As we were driving, she told us that she was actually headed to a friend's house, a single mom who had just moved there with her two elementary-aged children. She explained that the mother had just broken her leg, and was in the hospital, and she was headed to her house to care for her two kids.

My husband and I glanced at each other.

"We'll take you all the way there," he assured her.

She was quite relaxed, and encouraged us to drop her at the intersection when we got to our turnoff.

"But how many cars come out this way," we asked. "You could be waiting for a ride for a long time. We'll take you."

And we did.

The boys had been quietly listening to the conversation in the car, but the second we dropped the woman off, the complaining started.

"I'm hungry! Why did we have to take her all the way out here!"

"You don't even know her."

Though they had heard every word of the woman's predicament, they continued to bemoan our actions, and for a brief moment, I questioned my husband's choice to insert another 15 minutes between our hungry boys and their plates of food.

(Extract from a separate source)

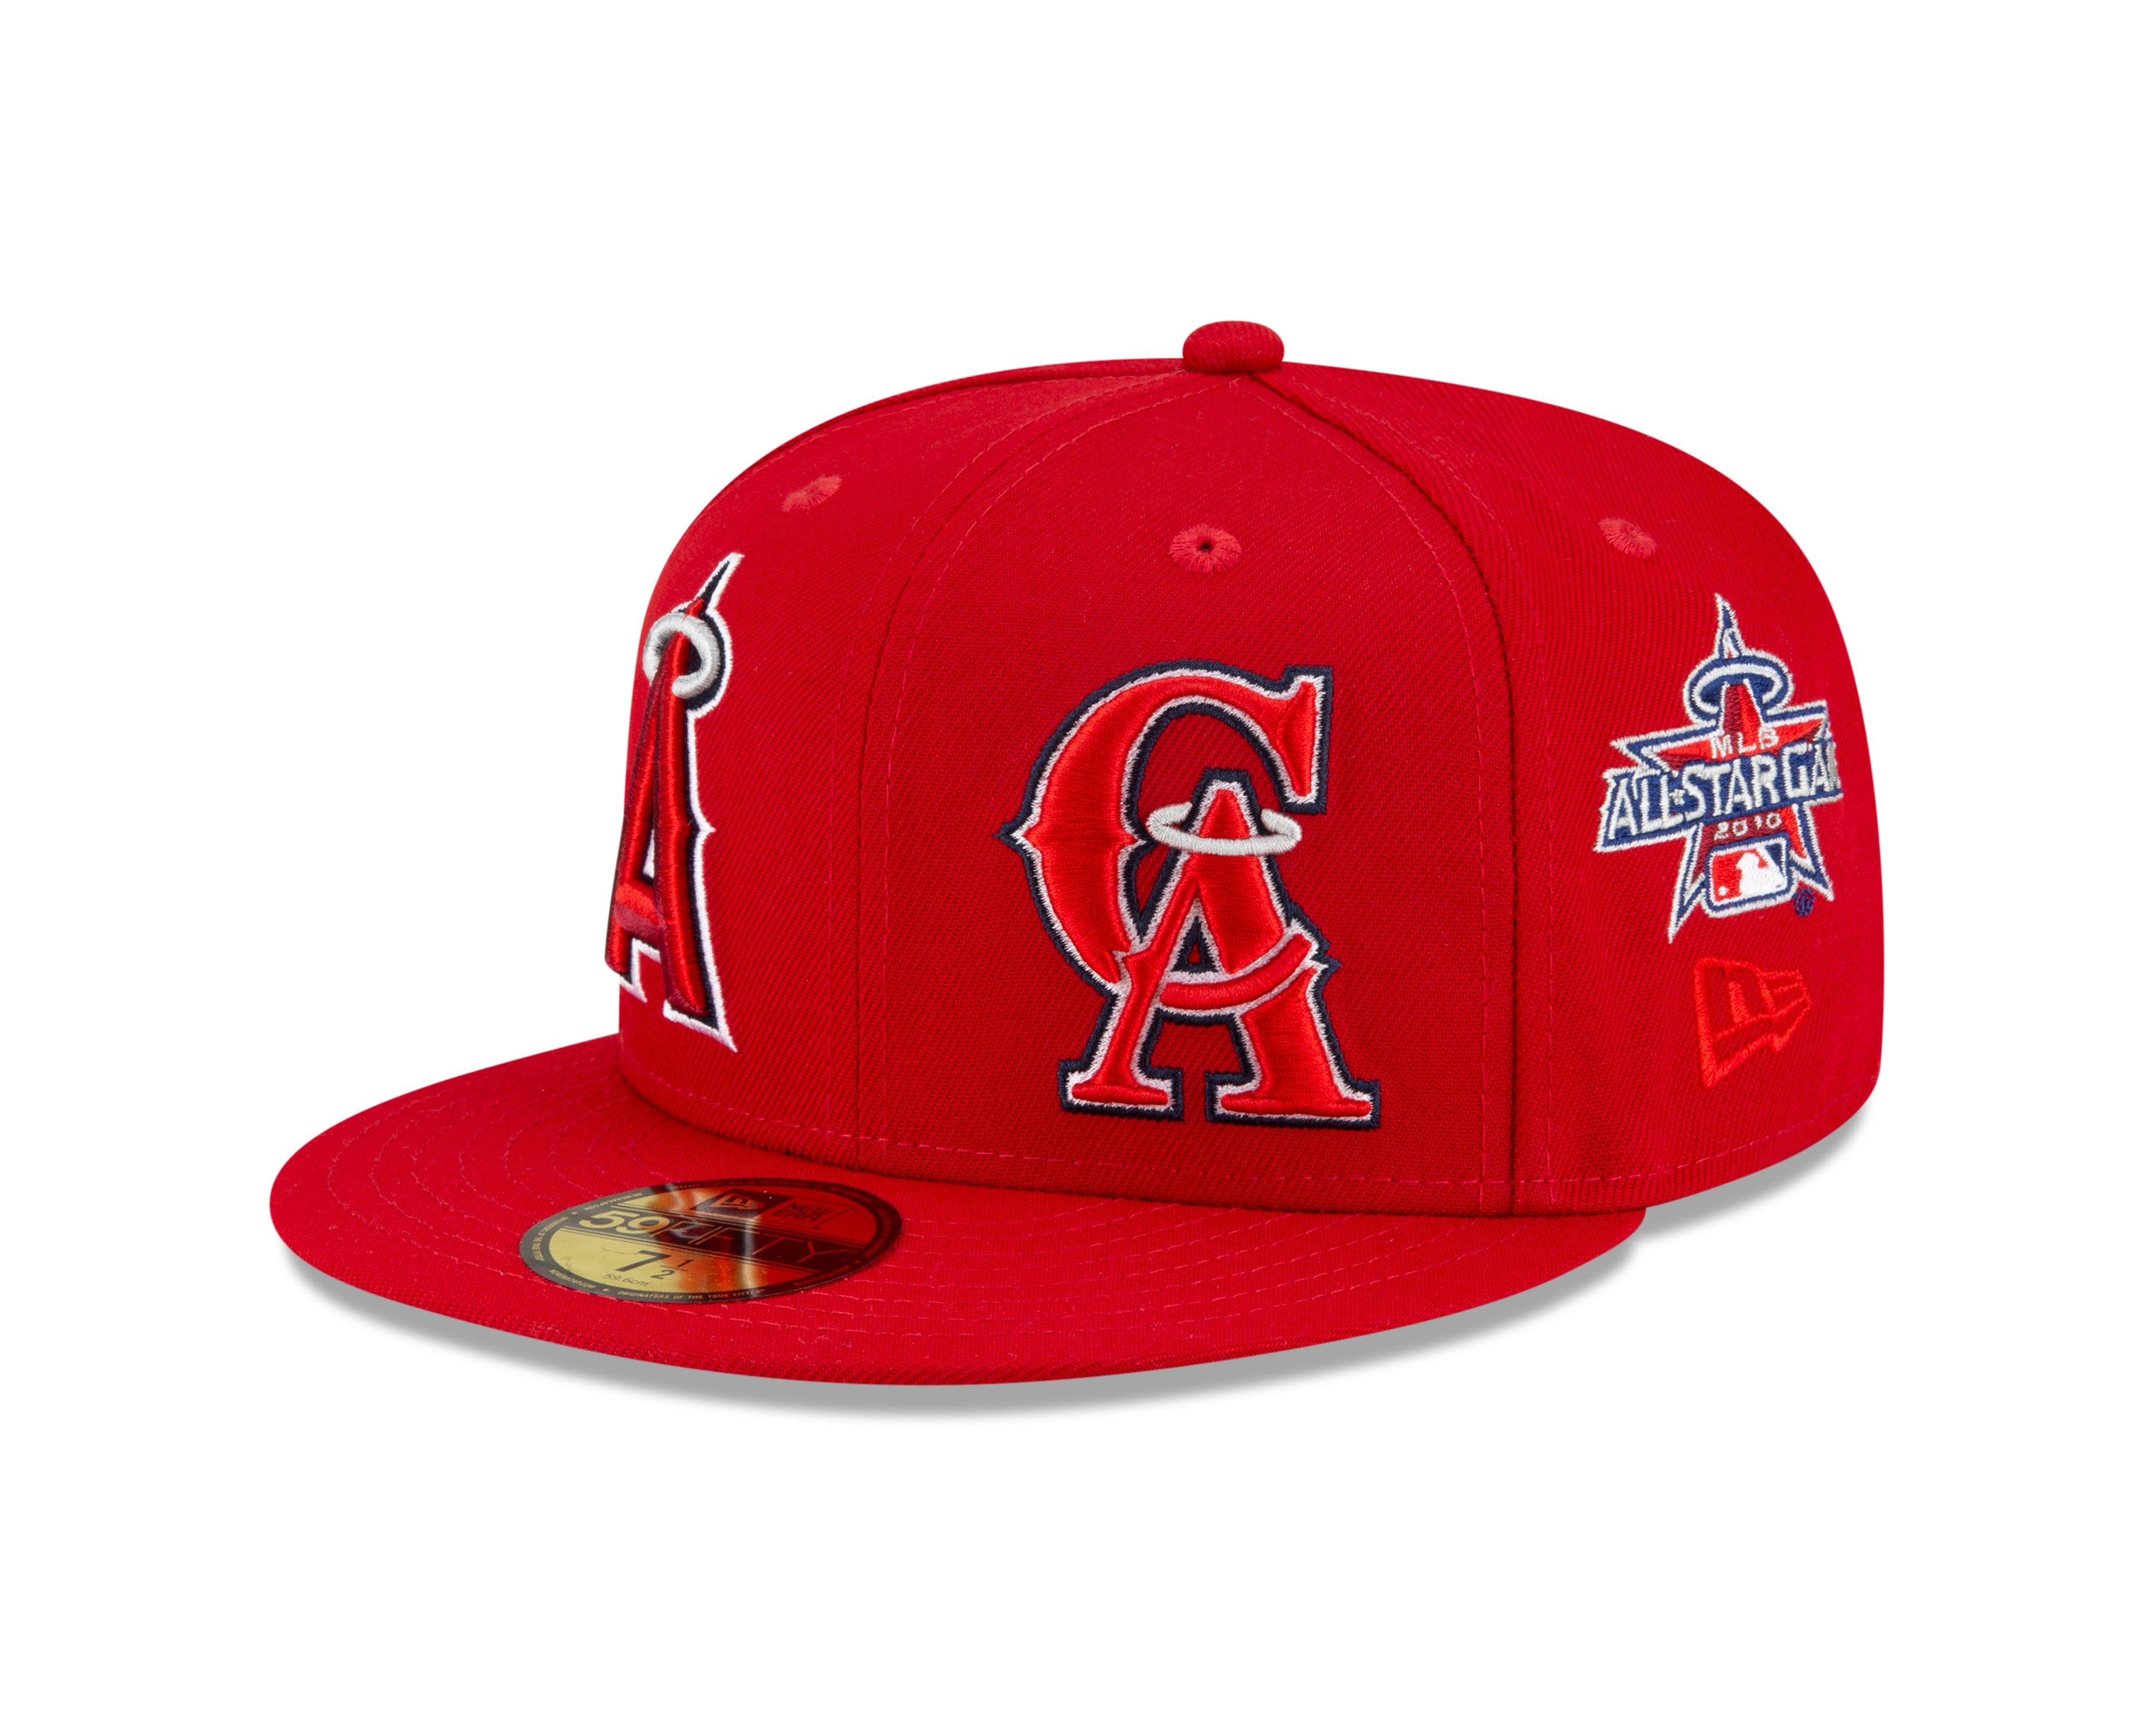 Anaheim La Angels Patch Angels Patch La Angels Patches Los Angels Patch 4'' Tall

Weeks passed, and I never thought about the woman again.

Then, last weekend, just before dark, we decided to take the same to boys on a quick hike in that same village where we had dropped the woman way back when. We drove the long windy road out there, and headed out to a monastery on a hill beyond the village boundary.

We walked and walked, visited the sanctuary where the monks and nuns sing and pray, and then dropped into the gift store on our way out.

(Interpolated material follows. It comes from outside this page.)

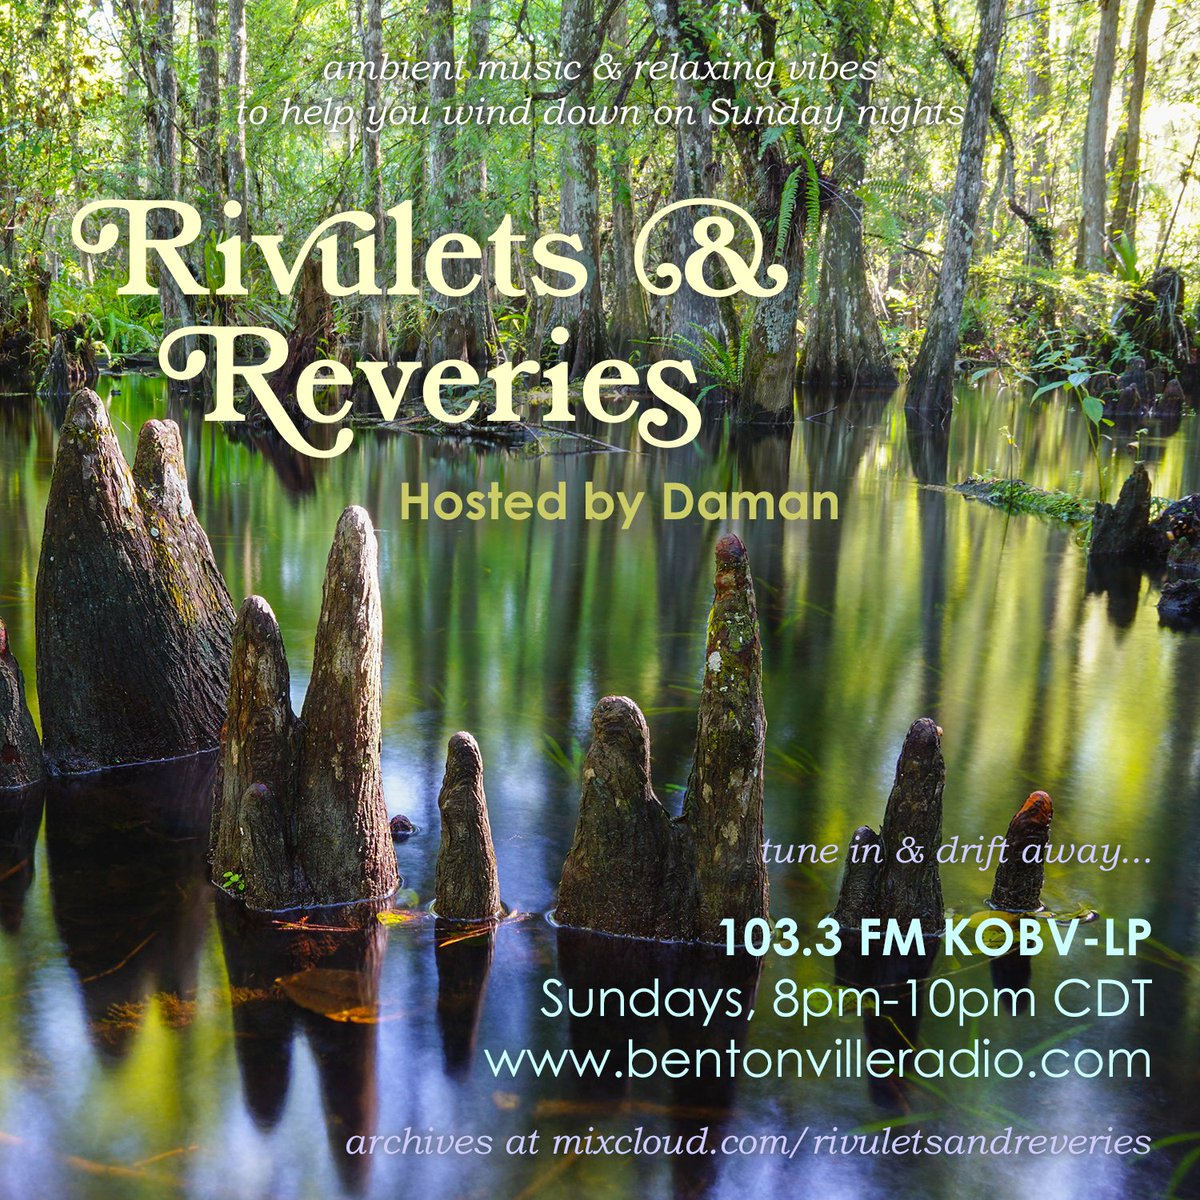 Tune your listening device to @kobv1033 this Sunday for the 52nd episode of Rivulets & Reveries. I can't believe I've done this every single week for an entire year. Time really flies....

And as we were listening to one of the nuns tell us the story of how she arrived on this spartan hill by way of France and South America, I saw the shadow of a woman coming towards me with outstretched arms.

Before it registered who this woman was, she was hugging me. As she released me from her hold, she blurted out, "I've been looking for you!" She then rustled through her wallet and pulled out a piece of paper with both my husband's and my cell phone numbers. She had tracked down our numbers and had intended to call and thank us for helping her that day, and to suggest that we get our kids together with her friends' kids, since they're all new to the area.

The boys, again, were overhearing all that was going on. They heard the appreciation in the woman's voice. They heard the nun exclaim, "What a beautiful meeting! A blessing!" They hear us reiterate that we were happy to have been able to help her.

Walking back to the car, the boys asked, "Why was that woman so happy to see us?"

I explained, yet again, but it dawned on me at that moment that feelings are so difficult to put into words. I could attempt a million times to explain why it's important to go the extra mile to help people when you can, and my boys would get the idea. But the emotion of that chance meeting and the gratitude expressed by that woman, who had started out as a hitchhiker on the side of the road and transformed into a generous being, full of gratitude, was the accidental teacher that really gave meaning to any words we've ever spoken about kindness.